I have no idea.
I do know that I’m not super enthusiastic about Amazon being the one controlling my reading history, but I’ve tried migrating to several of the alternatives and it’s just too much.
Goodreads has a nice page where you can see 50 books at a time, skim down the list, and checkbox to make bulk changes. I’m willing to painstakingly reconstruct lists like that with an alternative, even though it will still be kind of a pain. But I’m not willing to manually search every title to add it to a list, or go through my reading history and need multiple clicks and backwards navigations for every book I want to add to a list, and that’s the state of anything I tried a couple months ago. Bookwyrm specifically sounds really nice, as a way to use federated tools to find people with similar interest and follow their reading and share. But the transfer is a lot.
I’m in the same boat. I tried Storygraph and the error rate importing from Goodreads was too high for me and it was missing some features I use to keep my books organized.
I’d love to move away from an Amazon-owned company, but all the alternatives are lackluster, at least for me.
I think what I’m eventually going to have to do is roll my own. I don’t need crazy complexity, but I do want some features nothing seems to have. I want the bulk editing that’s only on goodreads, and I really want series to be first class citizens. That means series nesting in other series and being able to have a blurb/rating for a series instead of each individual entry, mostly. I just haven’t got to it yet.
I don’t necessarily have to have the metadata all the public social network style tools use to combine everyone’s input to one book object, though I definitely understand how it’s frustrating for services to lose information when you import your lists. But organization tools are critical to me.
Bookwyrm was missing a lot of books, and I couldn’t quickly figure out a way to add them. I am pretty invested in Storygraph already so it wasn’t a big priority to figure it out.
I had like 1200 books when I tried it, and the number missing wasn’t too bad.
But I’m not doing a list of 100 books searching one at a time. It’s bad enough to have to do big chunks to add to my reading history because I don’t keep that up. Re-doing organization without bulk editing just isn’t going to happen.
@Bitrot Just search for the book you want, and if it isn’t on your instance, it will give you the option to import it from other instances, Inventaire or OpenLibrary. Then you’ll be able to edit the details. If none of these options are the right ones, you can manually add the book by clicking the last option.
But indeed, it does have a lot of missing books and editions of books. If you do not have the patience to add them, then it is clearly not for you.
Inventaire is also AP enabled, despite being centralized, tho.
I don’t use their reviews to decide what to read, but I have checked after the fact on books I like and I think the quality of what they surface tends to be pretty bad.

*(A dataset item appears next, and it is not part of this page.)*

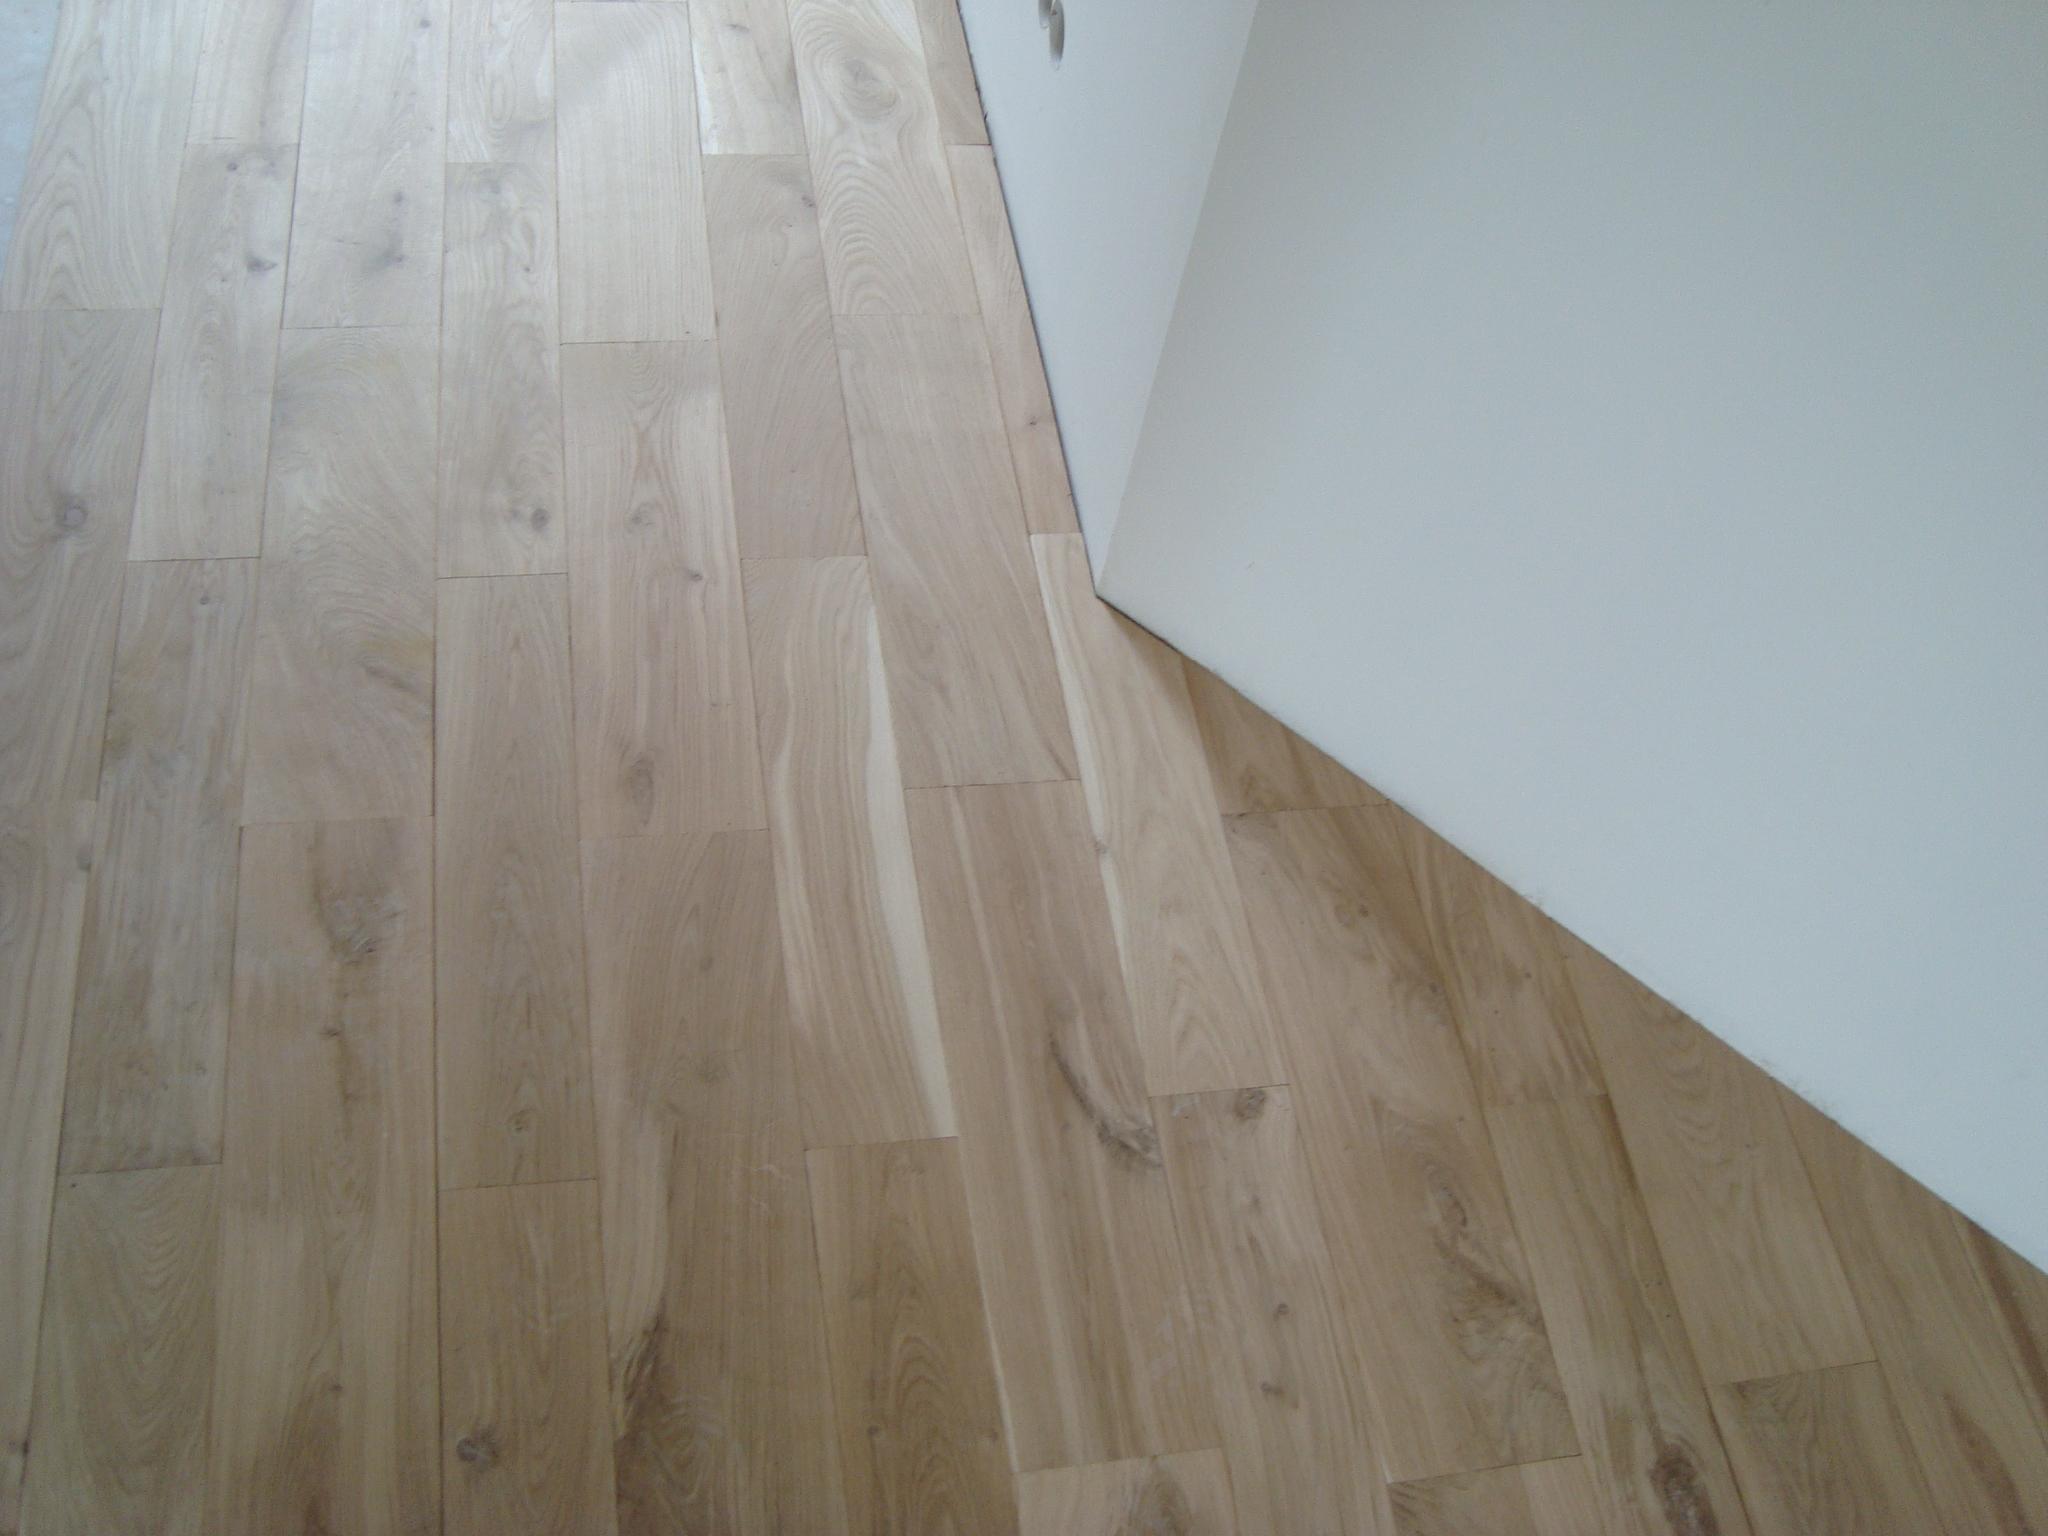 "Massiivpõrand tamm,"" Lühike Natur-Rustik"" 1MP10 | Solid wood flooring Oak Natur Rustic Short1"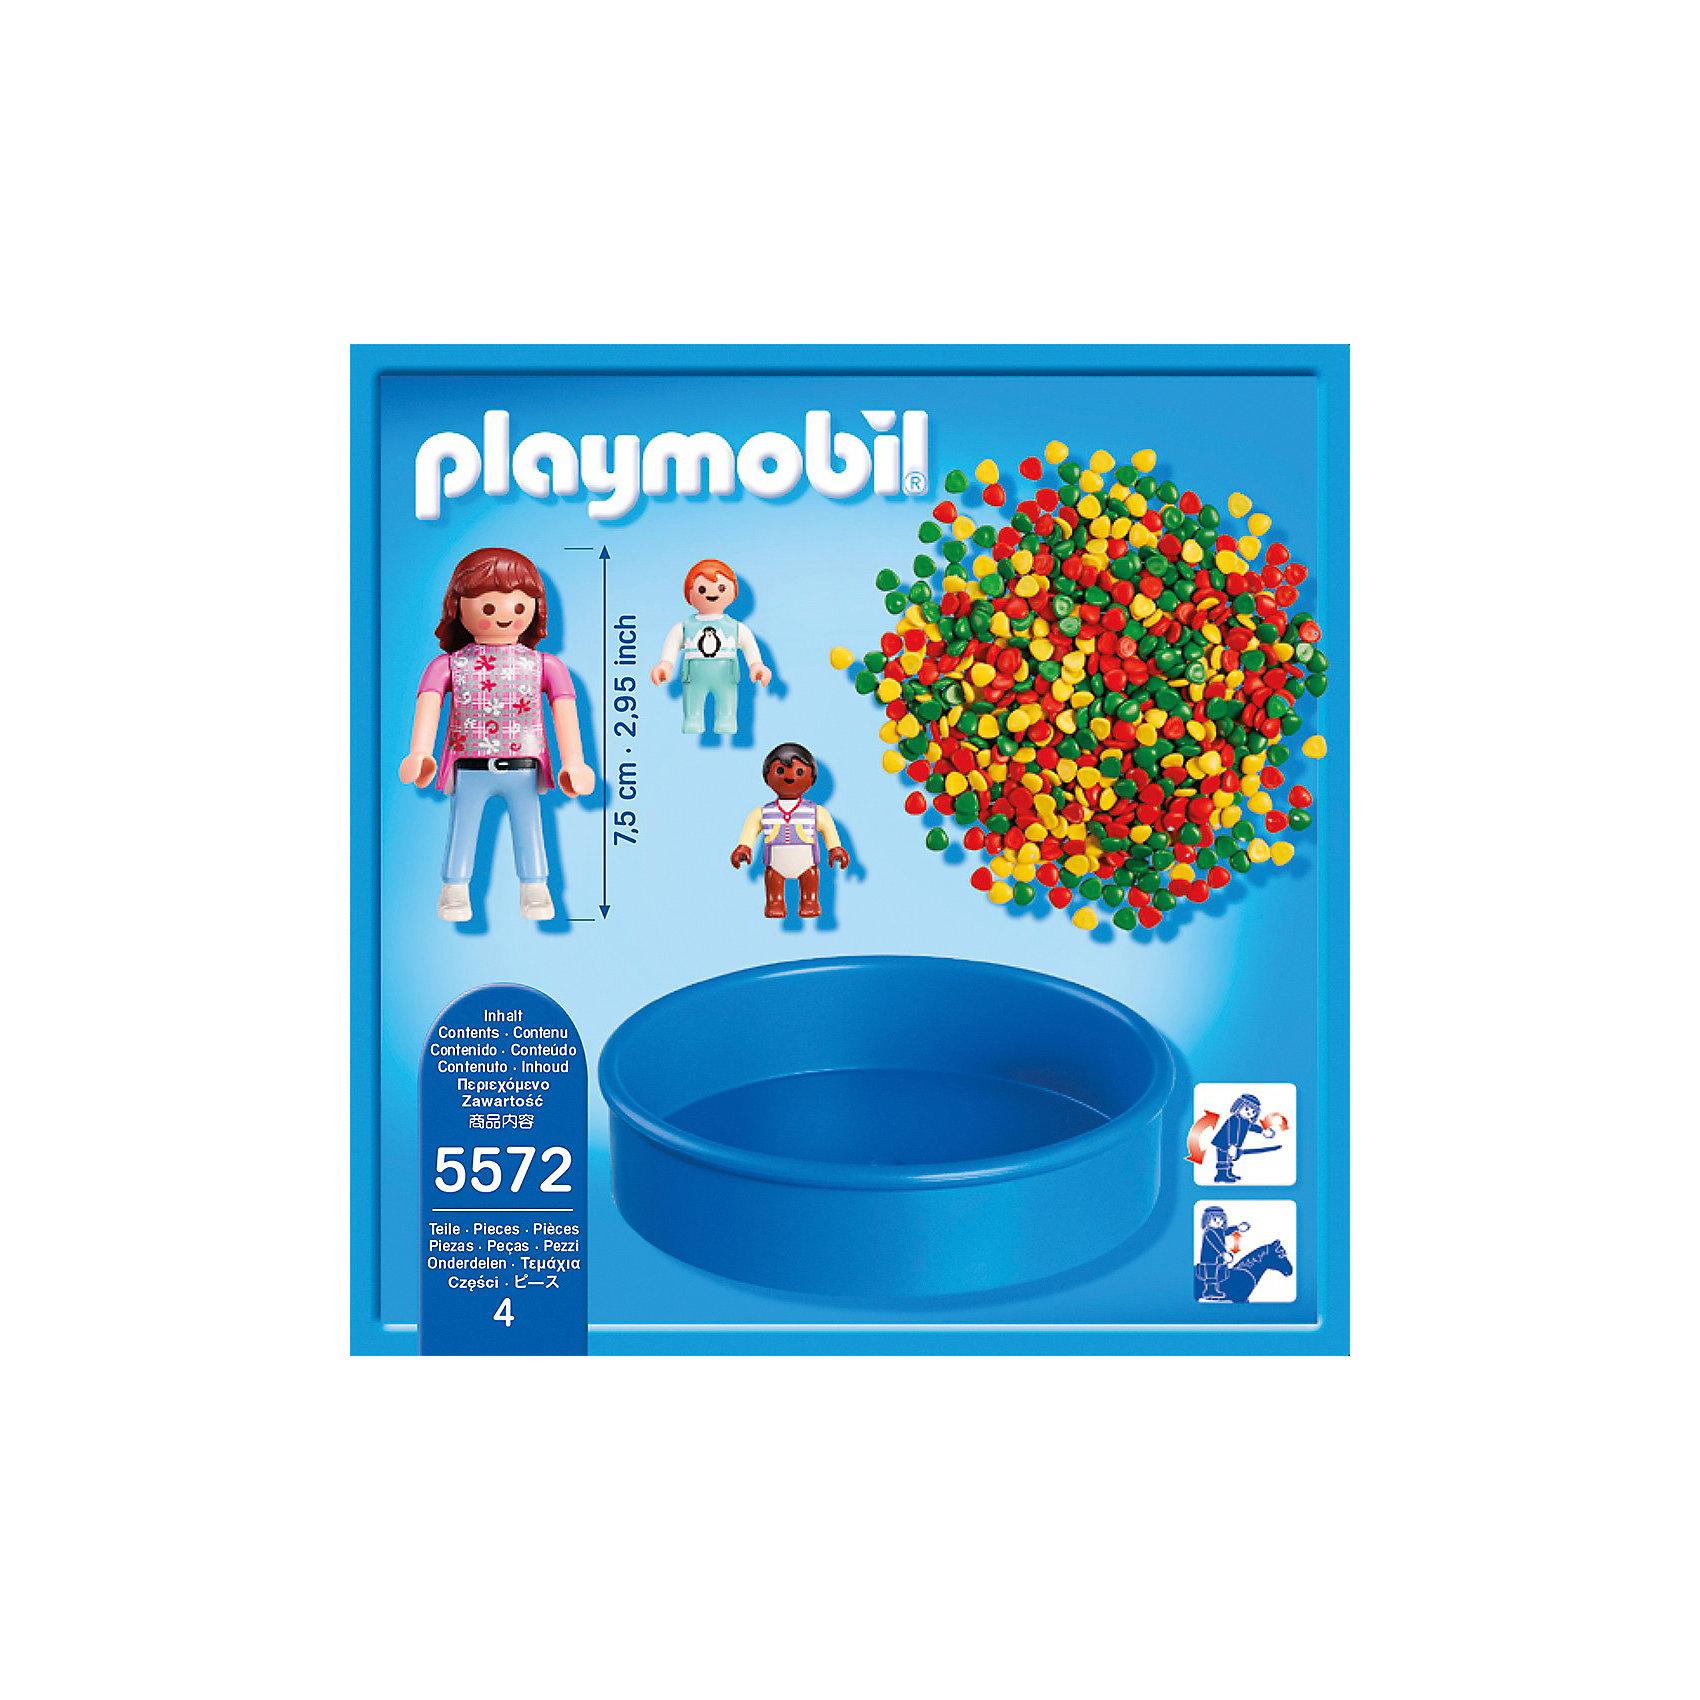 PLAYMOBIL 5572 ������� ���: ������� �������� � �������� (PLAYMOBIL�)

A lot of mindless criticism, especially. It’s perfectly OK to be critical when a book has flaws, but so many of the top reviews were people who just weren’t the target audience criticizing it for being targeted at something different than they wanted. Whether that’s rigorous academic nonfiction with reviews complaining that it cites its sources, kid/YA books with people complaining that there isn’t enough depth, someone like Janet Evanovich or Jana Deleon writing deliberately nonsensical stuff for light humor getting complaints about not being realistic, romantic suspense getting criticism because characters are emotionally connected too fast when that’s part of what the genre is, etc.
It’s perfectly fine to be disinterested in a book because you’re not interested in that genre, but it seems like way too many of the higher visibility reviews are people who just aren’t interested in what the book is trying to do.
Goodreads’ strongest utility is its shelves, which function as a kind of external brain for some folks.
That’s me, ha ha! I use Goodreads solely to keep track of my book collection and reading data, and completely ignore the reviews and all of the social media features.
I have a habit of checking out reviews on Goodreads. I don’t take it too seriously, but the UI is less busy than Amazon and reviews are often a little more chaotic, random, and personal. I like that. I use it to track the books I read, which aren’t many but it’s simple enough. From my own sample, Goodreads rarely form my decision on which books to buy, but it’s up there in my mental algorithm mixed with a bunch of other stuff.
I only use Goodreads anymore to track my book collection or when trying to find books for high school students at the library where I work when looking for similar books to recommend to ones they’ve already read and enjoyed.
I use it for tracking my own books because I can add a plug-in into Calibre, which automatically takes care of it, but I’ve also started using StoryGraph and hardcover.app which is a more manual process, but hopefully can get automated soon as Hardcover at least has a public API.
I’d be interested if anybody wants to share links to their own on those services. I’d like more people to follow, my links available in my bio on Lemmy
I don’t really use Goodreads.
Occasionally I’ll log on to look at what books are similar to something I’ve enjoyed, but that’s it. It’s owned by Amazon so I know the reviews are shit.